Introduction: CDN is to cache all kinds of Internet content to the edge servers close to users by deploying edge servers in a distributed global scale, so as to reduce the access delay of users and greatly reduce the traffic across the core network of the Internet. The use of CDN in Internet business has become an inevitable choice.
Challenges facing enterprise edge applications
CDN is to cache all kinds of Internet content to edge servers close to users through distributed deployment of edge servers around the world, so as to reduce the access delay of users and greatly reduce the traffic across the Internet core network. The use of CDN in Internet business has become an inevitable choice. Traditional website protection is basically to protect the source, customers buy firewall, WAF and other products can protect their core business content is not malicious theft. However, the traditional defense mode cannot fully meet the requirements for service traffic distribution through CDN:
- The deployment position is in front of the source site to protect the source site. In CDN architecture, pages are basically cached in CDN, and crawler can directly crawl away user sensitive business data from CDN.
- The identification method mainly relies on embedding JS in the user’s page, which essentially modifies the user’s page and is highly intrusive. Moreover, it can only be adapted to Web business and does not take effect for API business.

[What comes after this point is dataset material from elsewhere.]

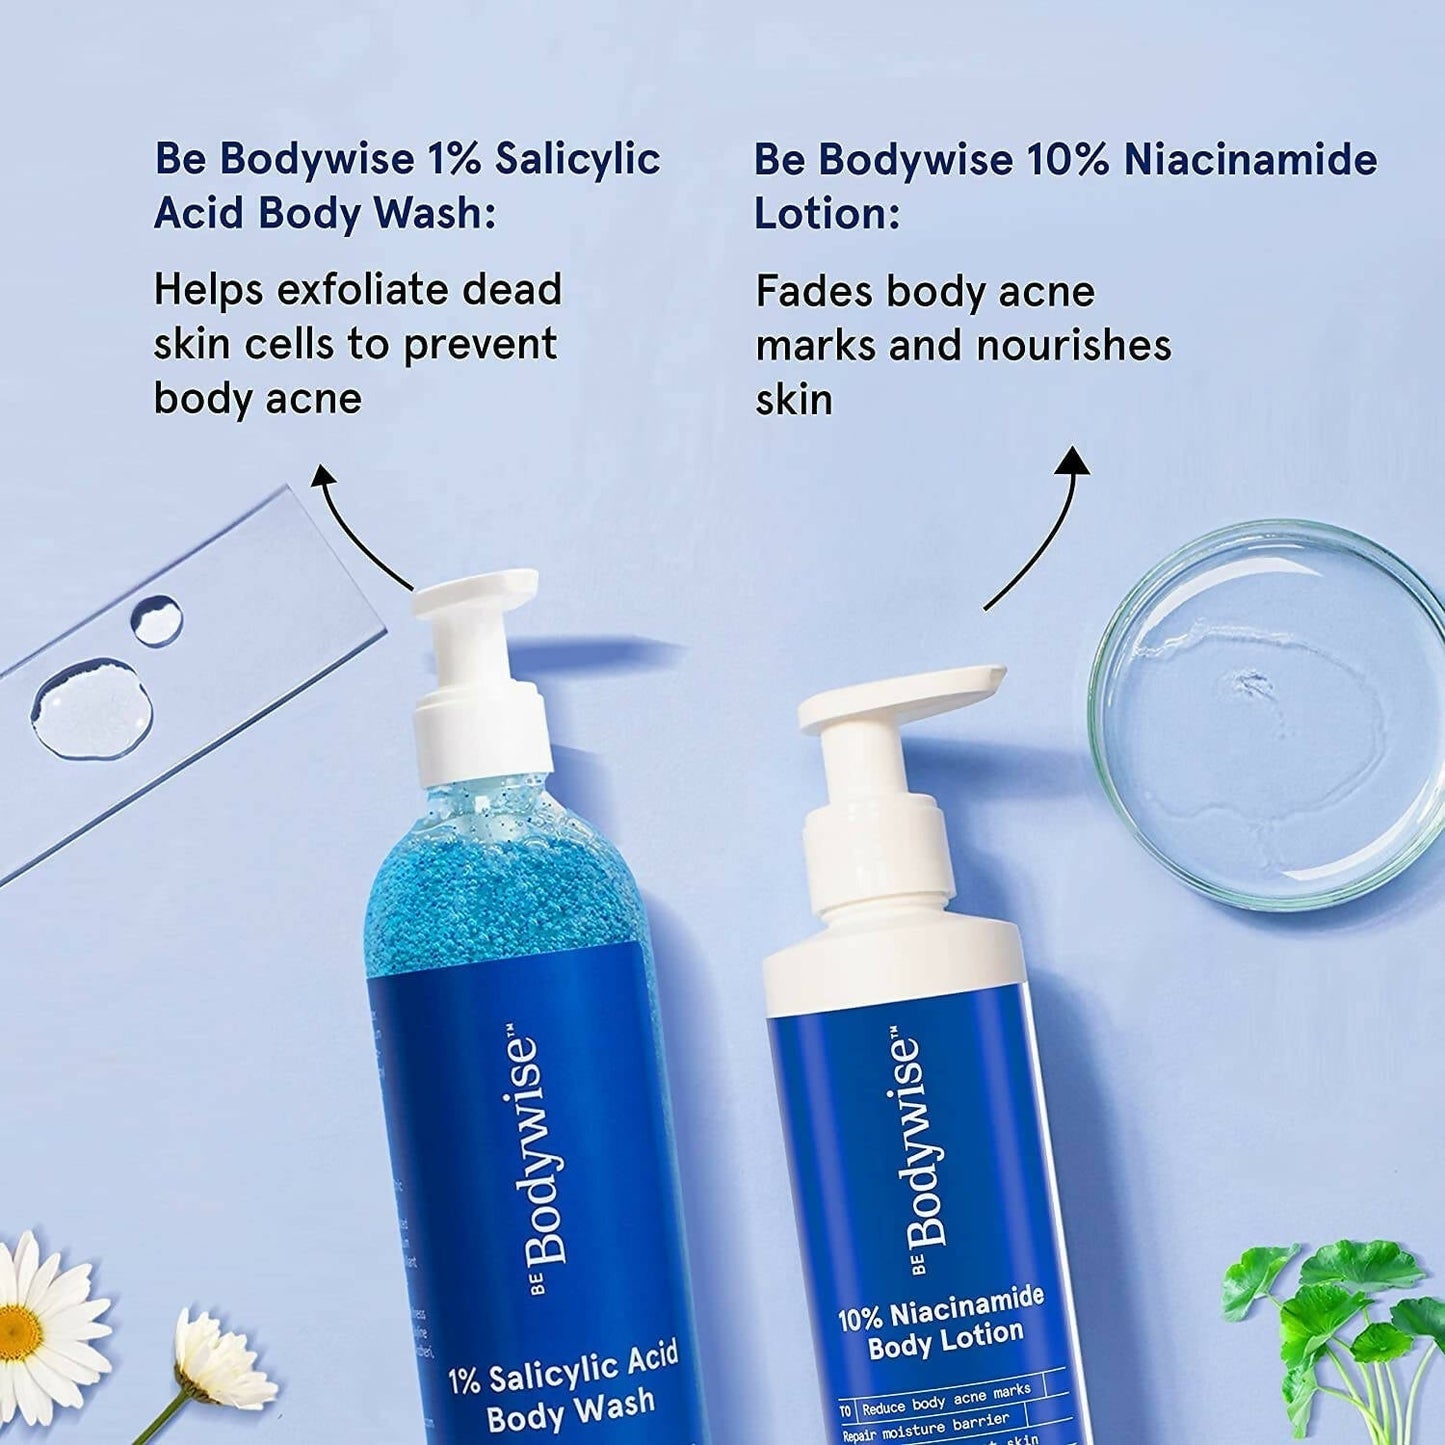 BeBodywise 1% Salicylic Acid Body Wash and 10% Niacinamide Body Lotion

- Generally, the disposal means limit high-frequency IP and other features through frequency control, which is easy to be bypassed. At present, crawlers basically adopt the mode of IP proxy pool to randomly modify the header end of the request, so it is difficult to find features for frequency control.
CDN currently undertakes a large number of businesses from the master site, so it is necessary to ensure business browsing and trading experience to prevent content from being maliciously stolen. More and more service data are cached on the edge server of CDN, and the weight of edge security is getting higher and higher. The machine traffic management based on edge cloud emerges as The Times require to deal with the hidden danger of CDN edge security and realize the security protection of user application data.

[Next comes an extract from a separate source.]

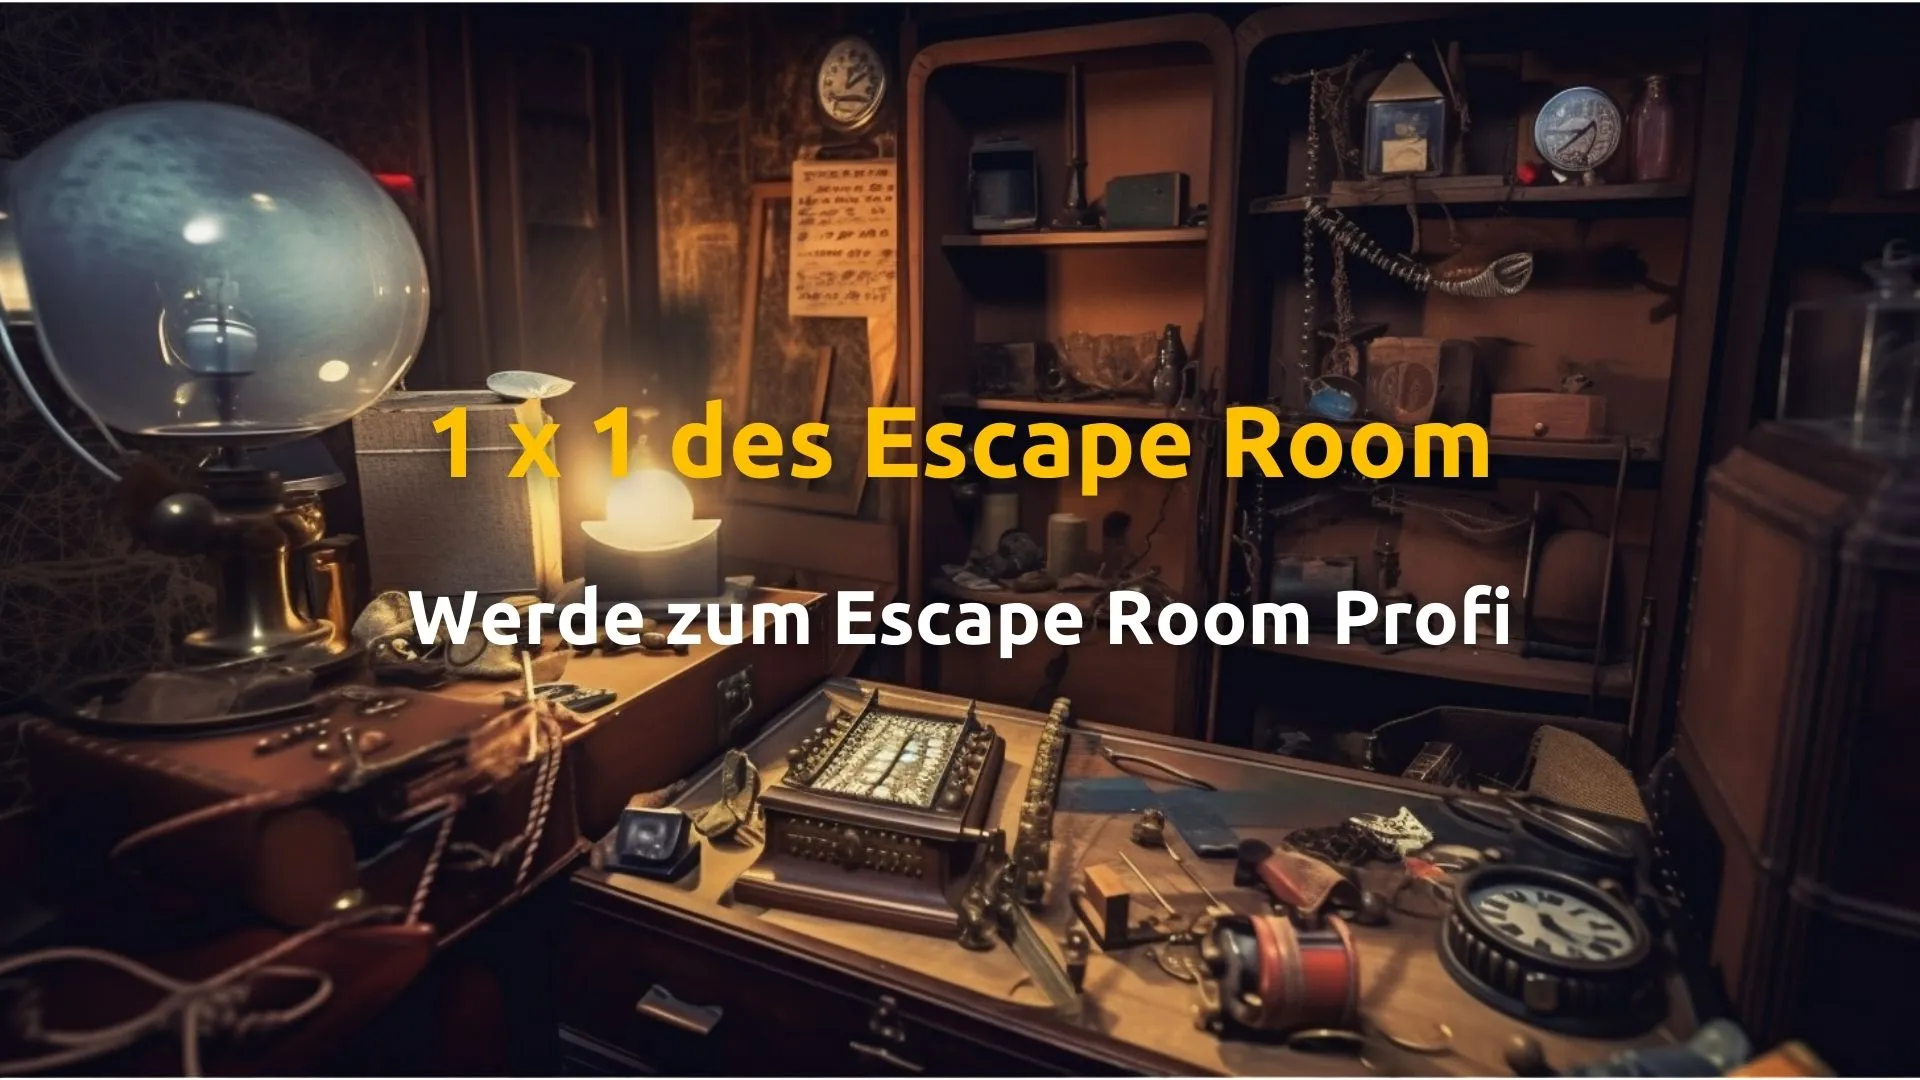 1x1 des Escape Room, Anleitung zum Escape Room Profi

The realization and advantage of machine traffic management of edge cloud
The analysis and processing flow of machine traffic management based on CDN edge node is shown in the figure below:
Internet access is generally divided into normal user access, commercial search engine access, malicious crawler access, etc. Machine traffic management extracts request packet features at the edge, identifies request types based on packet features, blocks malicious crawler access at the edge, and protects cache resources on CDN from malicious crawler access.

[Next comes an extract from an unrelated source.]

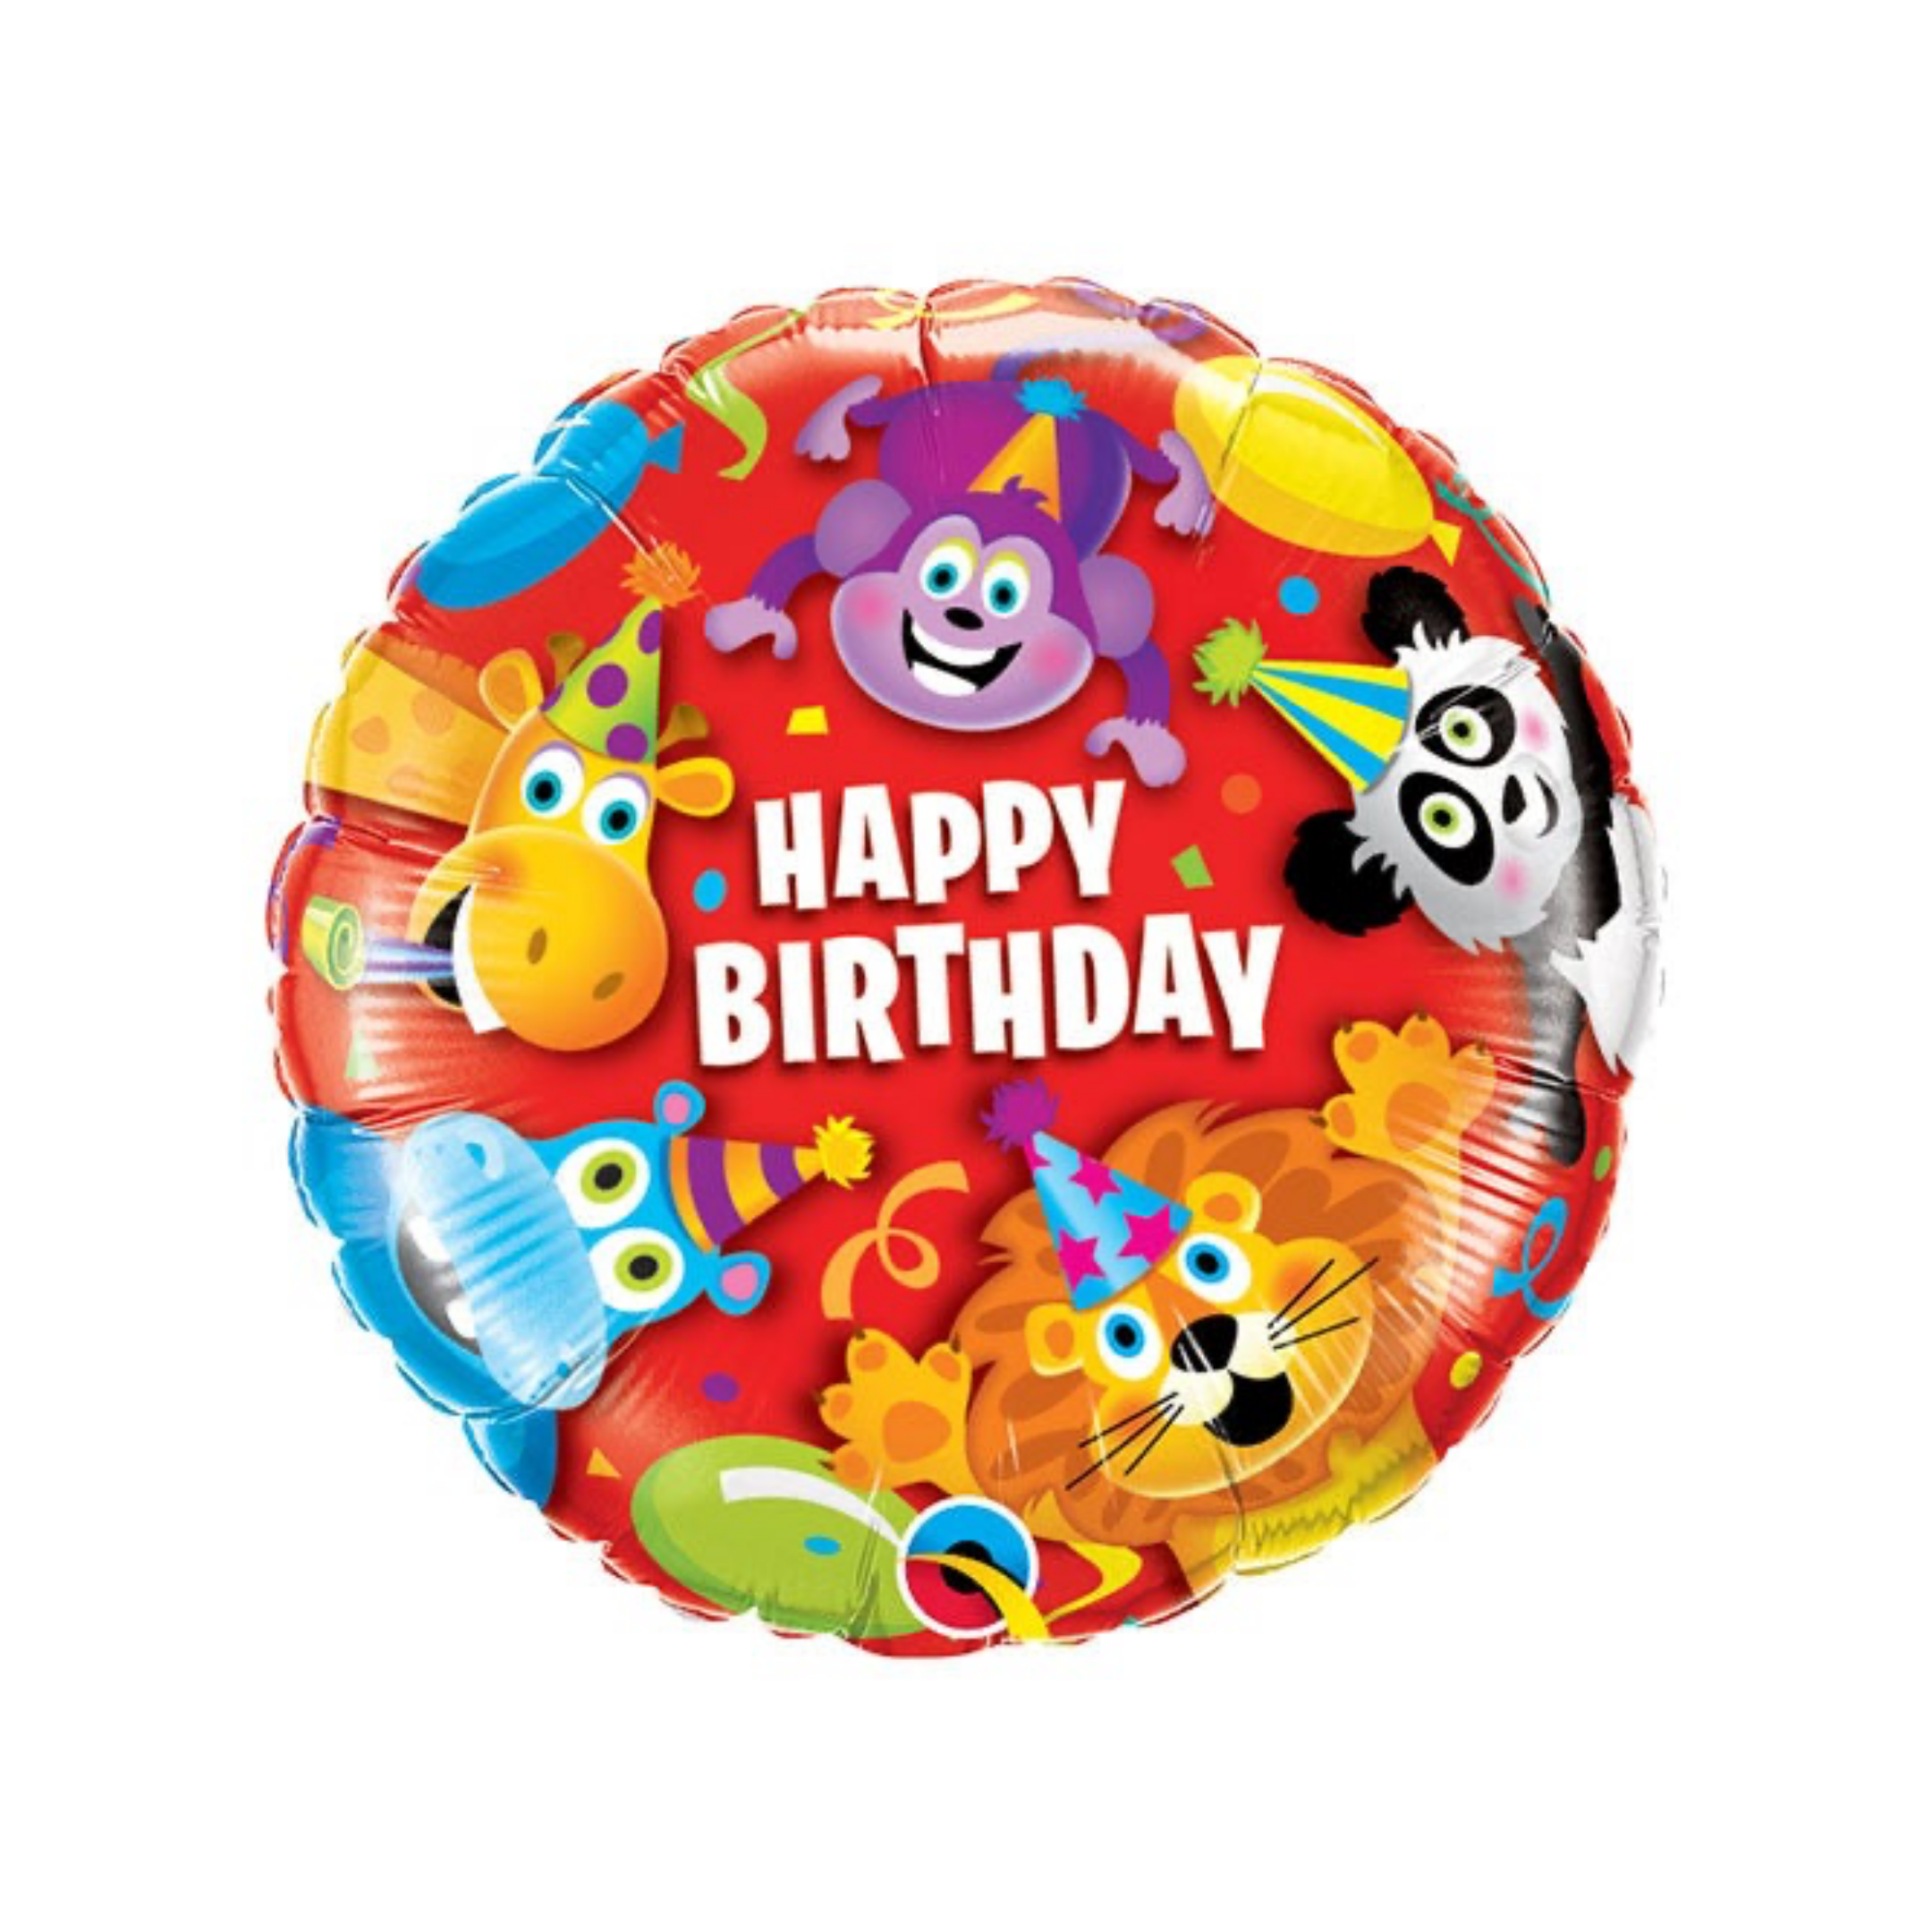 Balon folija - Happy birthday, Party animals

Advantages of machine traffic management are as follows:
- Based on the CDN edge network architecture, the machine traffic management ability is realized. The request types of domain names are identified by the characteristics of the request packets, and the normal or malicious machine requests are distinguished, so as to help users manage their own requests and block malicious requests.
- By identifying the request types of domain names and marking the request packet types in real time, the current service request packet types are displayed intuitively. Customers can intuitively perceive the distribution of access types of their own websites and handle abnormal packet types.
- By disposing of the packet type rather than the IP address, the attacker cannot bypass the random header field or the dial-in-seconds proxy IP address pool as long as the packet type of the malicious request remains unchanged.
Verify the actual result of machine traffic management
In the double-11 service scenario, machine traffic management identifies all traffic visiting the master site detail page and classifies Bot traffic. The core strategy is to allow normal commercial crawlers such as search engines to restrict or intercept malicious crawlers.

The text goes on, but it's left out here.